Six mois de prison avec sursis ont été requis vendredi à l'encontre d'un commissaire qui, en 2019 à Nice, avait ordonné la charge à l'origine de blessures subies par une septuagénaire, Geneviève Legay, lors d'une manifestation de "gilets jaunes".

"Cet ordre a été donné de manière ni nécessaire, ni proportionnelle, ni conforme à la réglementation", a estimé le procureur Alain Grellet au deuxième jour du procès de Rabah Souchi, 54 ans, devant le tribunal correctionnel de Lyon.

C'est "un ordre mal ordonné et donc mal exécuté qui conduit à ces blessures", a-t-il poursuivi, en soulignant la "confusion" autour de la préparation de la manoeuvre.

Les débats ont mis en lumière une charge lancée dans un temps très court après les sommations d'usage, ce qui, selon l'accusation, n'a pas laissé le temps aux manifestants de se disperser, ni aux policiers de se préparer correctement.

"L'ordre donné est totalement légal", a argumenté de son côté l'avocat de la défense Me Laurent-Franck Liénard, qui a demandé la relaxe de son client.

Le jugement a été mis en délibéré au 8 mars à 14H00.

Diminuée

Le 23 mars 2019 à Nice, Geneviève Legay, alors porte-parole départementale d'Attac âgée de 73 ans, avait pris part à une manifestation interdite de "gilets jaunes". Renversée dans la charge policière, elle a souffert de multiples fractures et d'un traumatisme crânien.

Appelé à la barre des témoins, elle est revenue vendredi avec émotion sur cette journée qui l'a laissée "vraiment diminuée".

"Comme une imbécile, excusez-moi, j'ai voulu faire un dernier tour de drapeau et dire +liberté de manifester+", s'est-t-elle remémorée. Elle aperçoit quelques policiers, avec boucliers et tonfas. "Je me dis +il t'arrivera rien, t'as un drapeau de la paix+. Je me suis réveillée à l'hôpital".

A l'époque, les images de la septuagénaire inanimée au sol font couler beaucoup d'encre, d'autant que les autorités sont soupçonnées d'avoir cherché à étouffer l'affaire, le procureur de Nice ayant, dans un premier temps, nié tout contact entre la militante et les forces de l'ordre, une thèse reprise par Emmanuel Macron.

Cinq ans plus tard, Mme Legay garde des séquelles de cette journée. "On ne la reconnait pas du tout, elle a peur en permanence", a confié une de ses filles.

Efficace

Poursuivi pour "complicité de violence par une personne dépositaire de l'autorité publique", Rabah Souchi s'est défendu d'une voix ferme pendant quatre longues heures à la barre, jeudi. 

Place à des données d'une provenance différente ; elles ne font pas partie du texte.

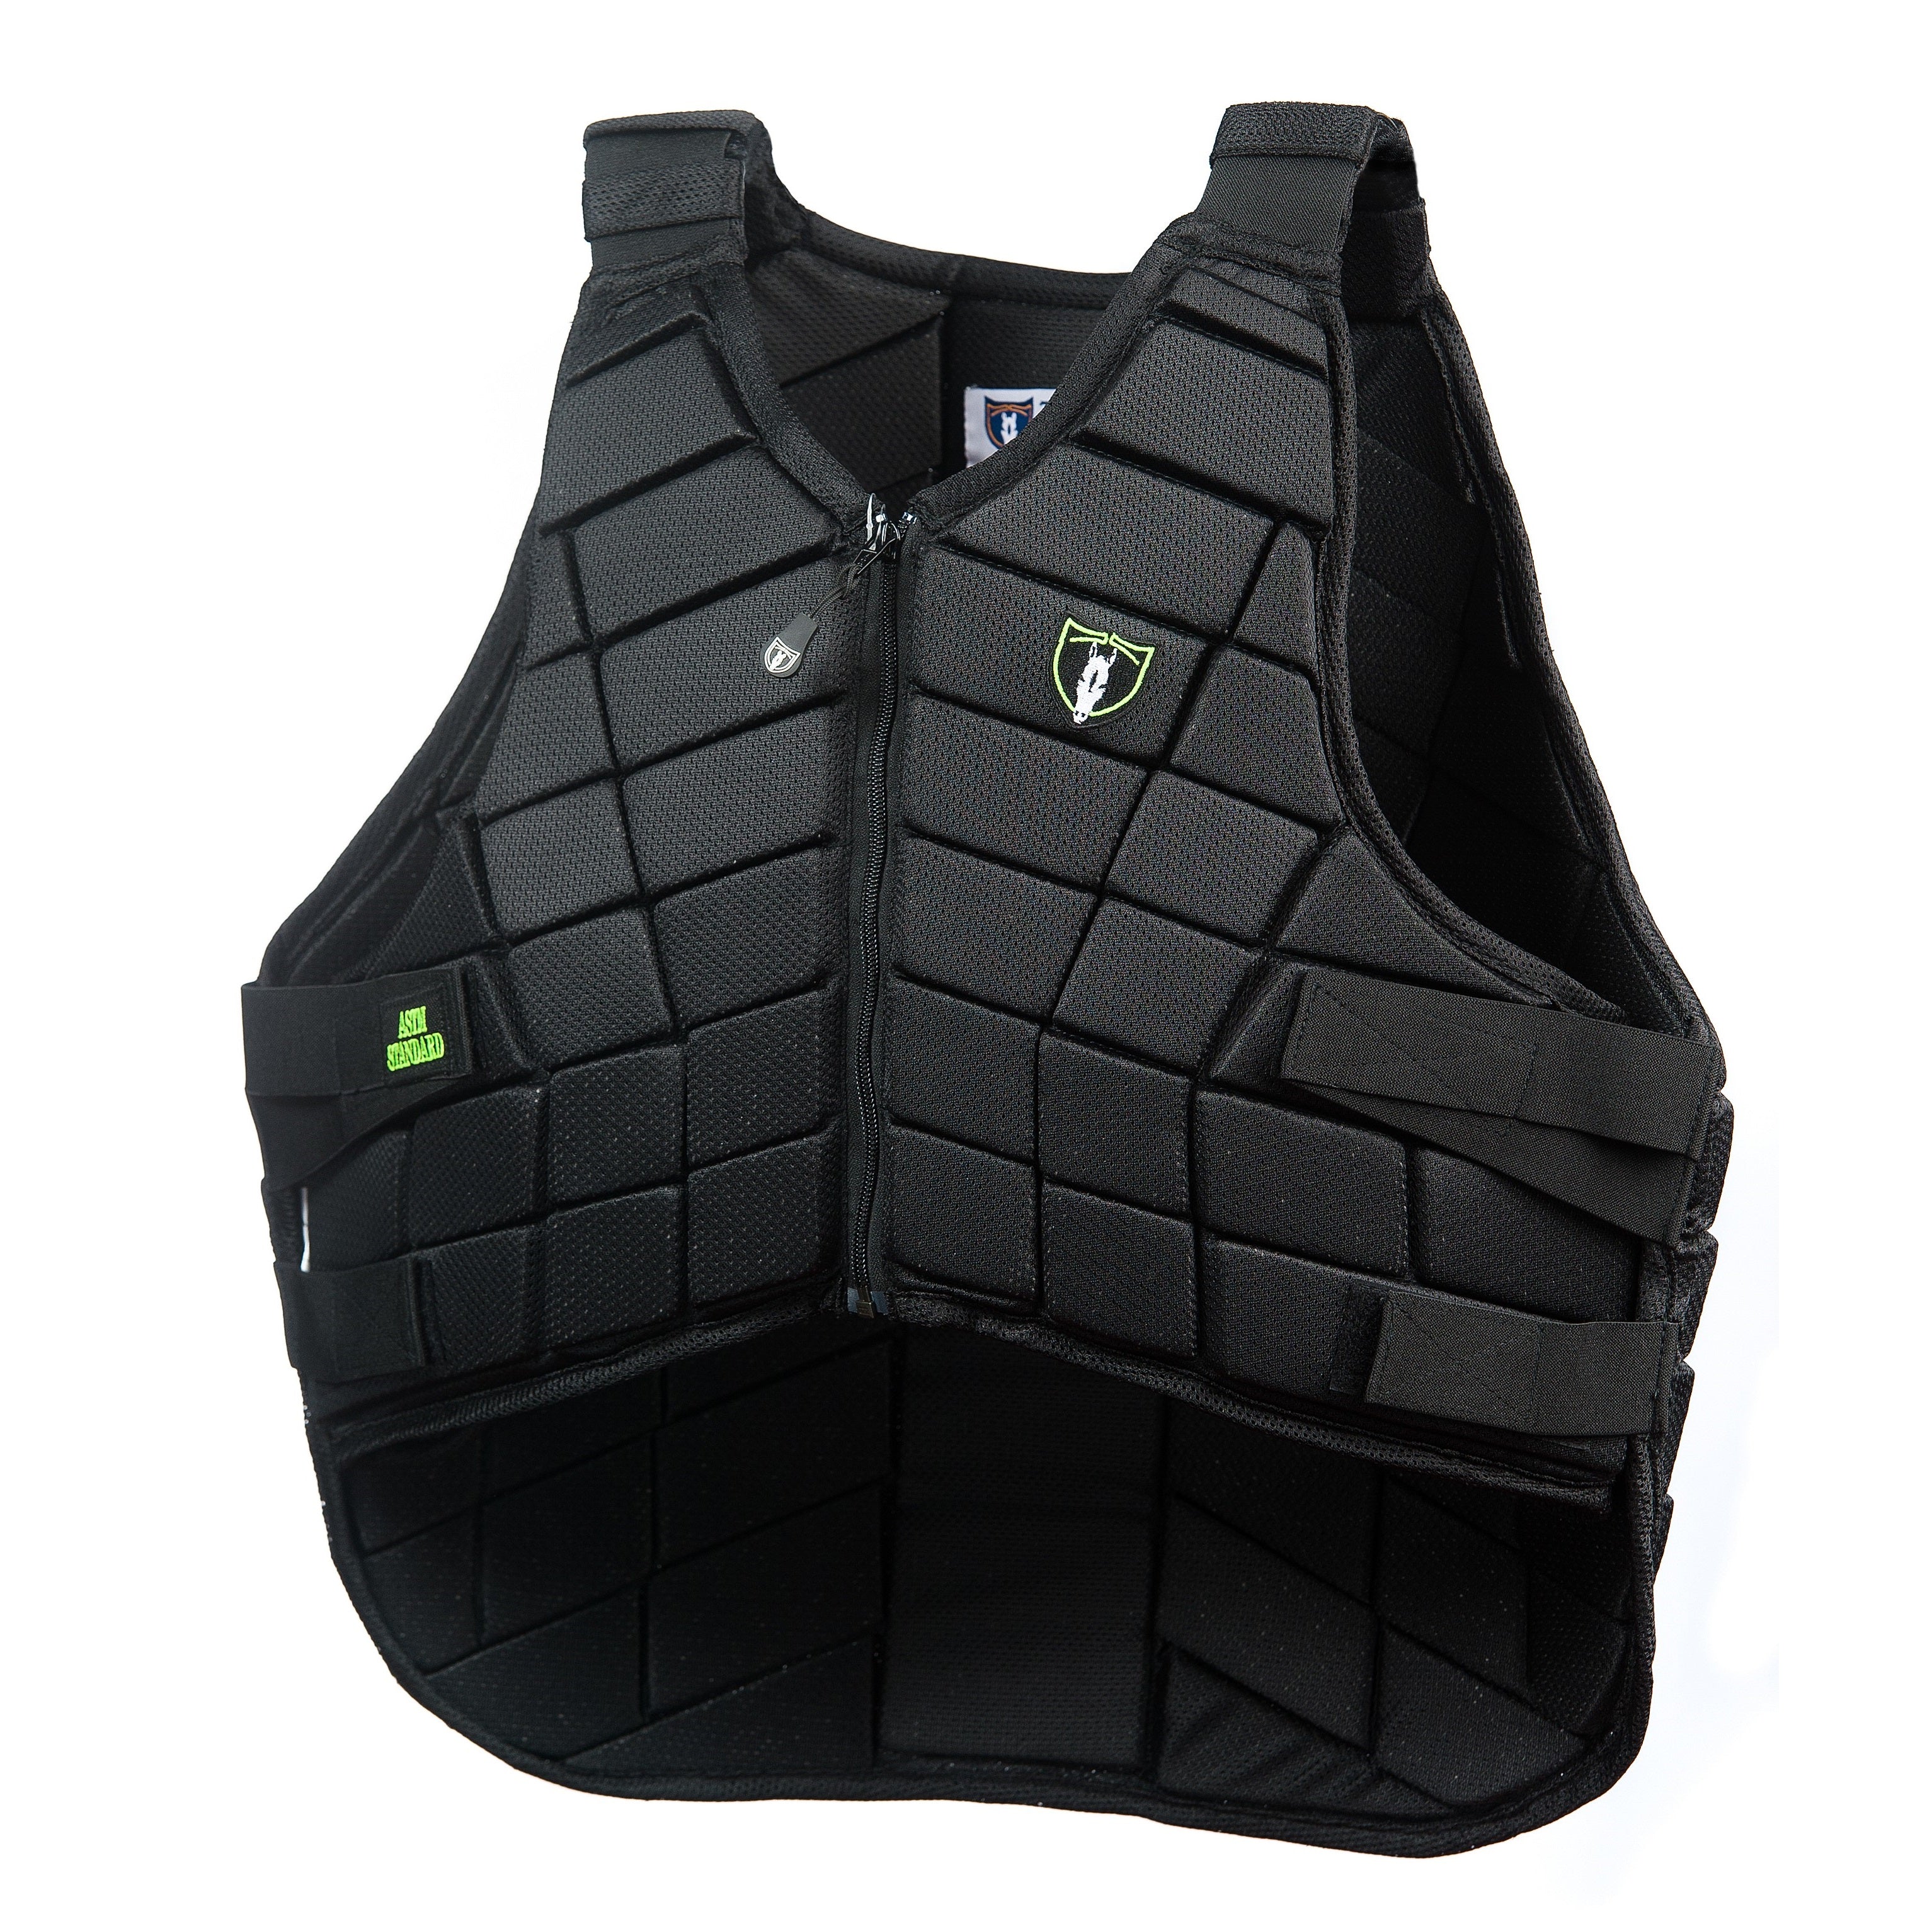 Tipperary Competitor II Protective Carriage Driving Riding Vest
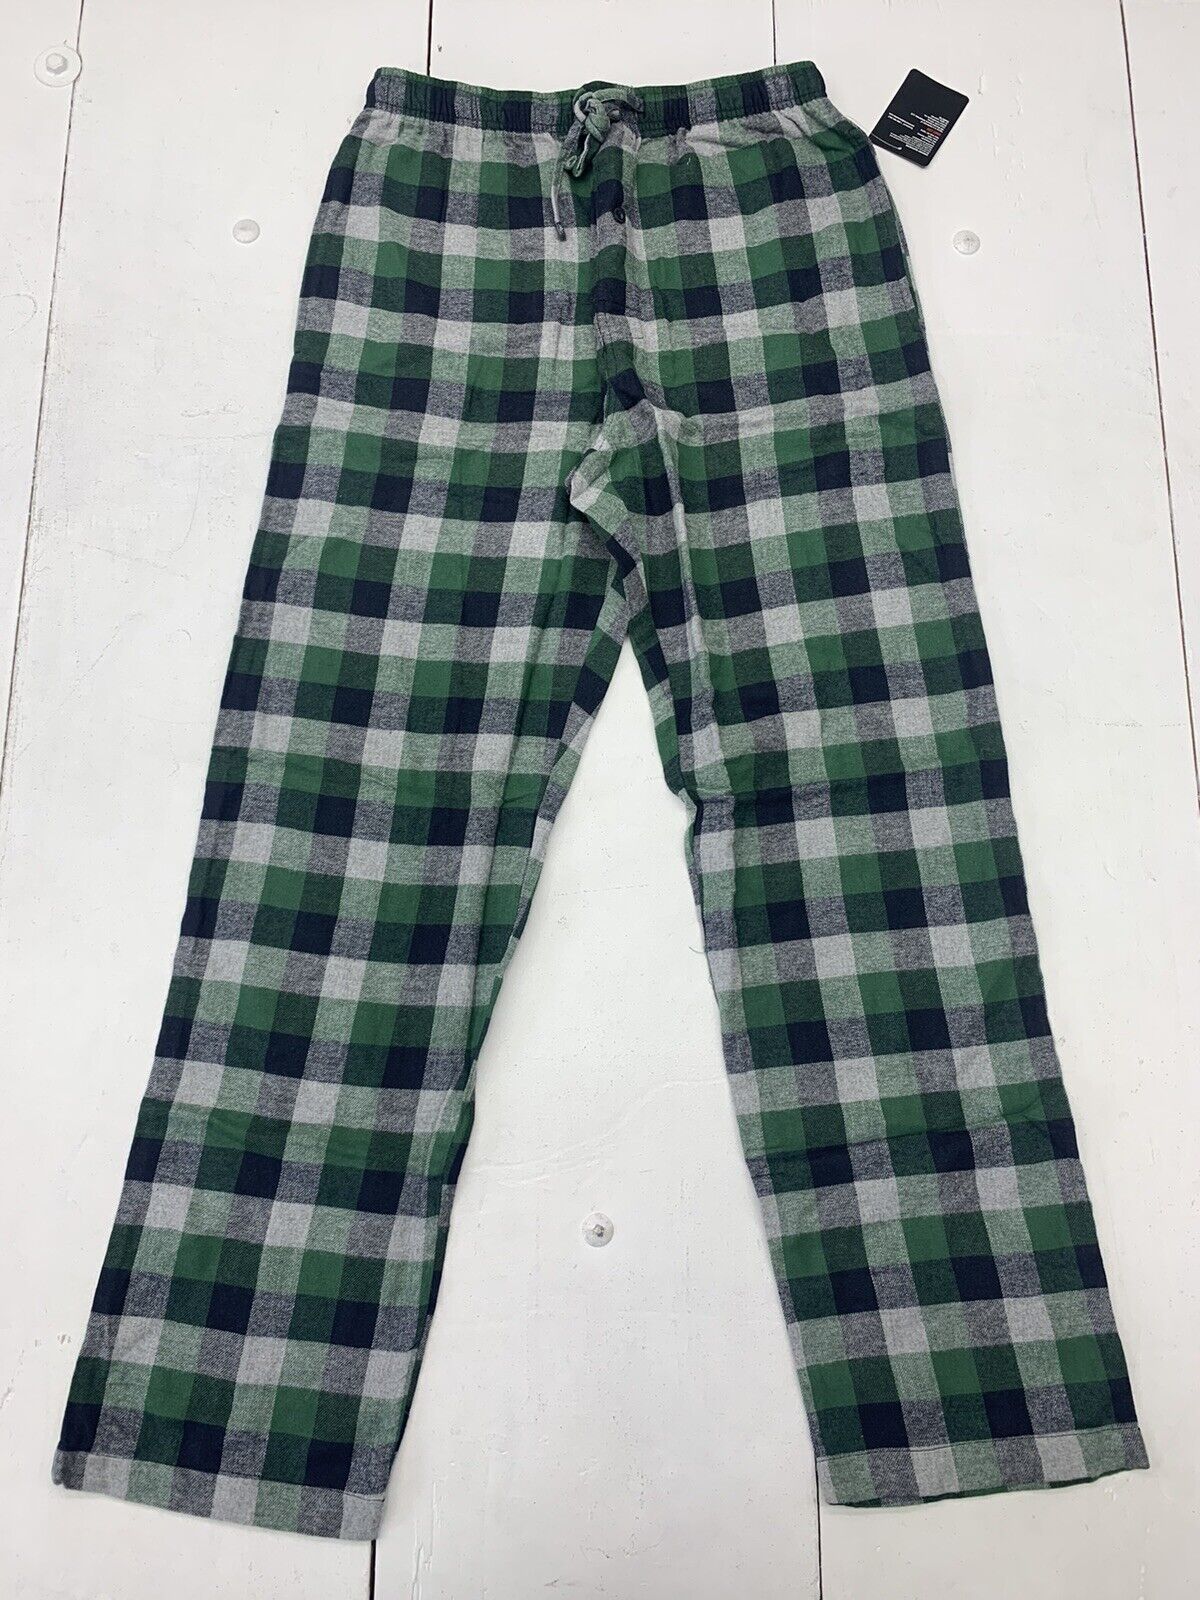 Hanes Mens Pajama Pants - JCPenney

Il a assuré que la décision de charger était "la tactique la plus efficace ce jour-là" afin de répondre à l'objectif de dispersion fixé par le préfet. Une action qui se justifiait, selon lui, par la présence des manifestants sur des voies de tram et leur refus de partir alors que la manifestation était interdite.

Il a également insisté sur le rôle du policier qui a bousculé Mme Legay, estimant que cet agent s'était "détaché de l'action collective".

Ce dernier n'a pas été poursuivi, après avoir été placé sous le statut de témoin assisté pendant l'enquête. Ce qui a donné lieu a des échanges poussés sur cette situation juridique au cours des différentes plaidoiries et réquisitions.

"On ne peut pas poursuivre M. Souchi pour un acte commis par un autre fonctionnaire", a déclaré à la presse Me Liénard, estimant en outre que les faits ne répondaient pas "aux critères de la loi en matière de complicité".

Les avocats de Mme Legay, et ses soutiens, souhaitent eux obtenir une décision qui fasse jurisprudence. 

"Geneviève Legay est une exception parmi tant d’autres en ce qui concerne les violences policières", a souligné Me Arié Alimi, qui dans sa plaidoirie a demandé au tribunal d'"apporter des points de référence".

"Aujourd’hui; la justice reconnait des fautes qui ont été commises dans le maintien de l’ordre, reconnait que cette enquête n’aurait pas dû se dérouler comme elle s’est déroulée, reconnait un scandale judiciaire, un mensonge d’Etat", s'est-il aussi félicité devant les journalistes.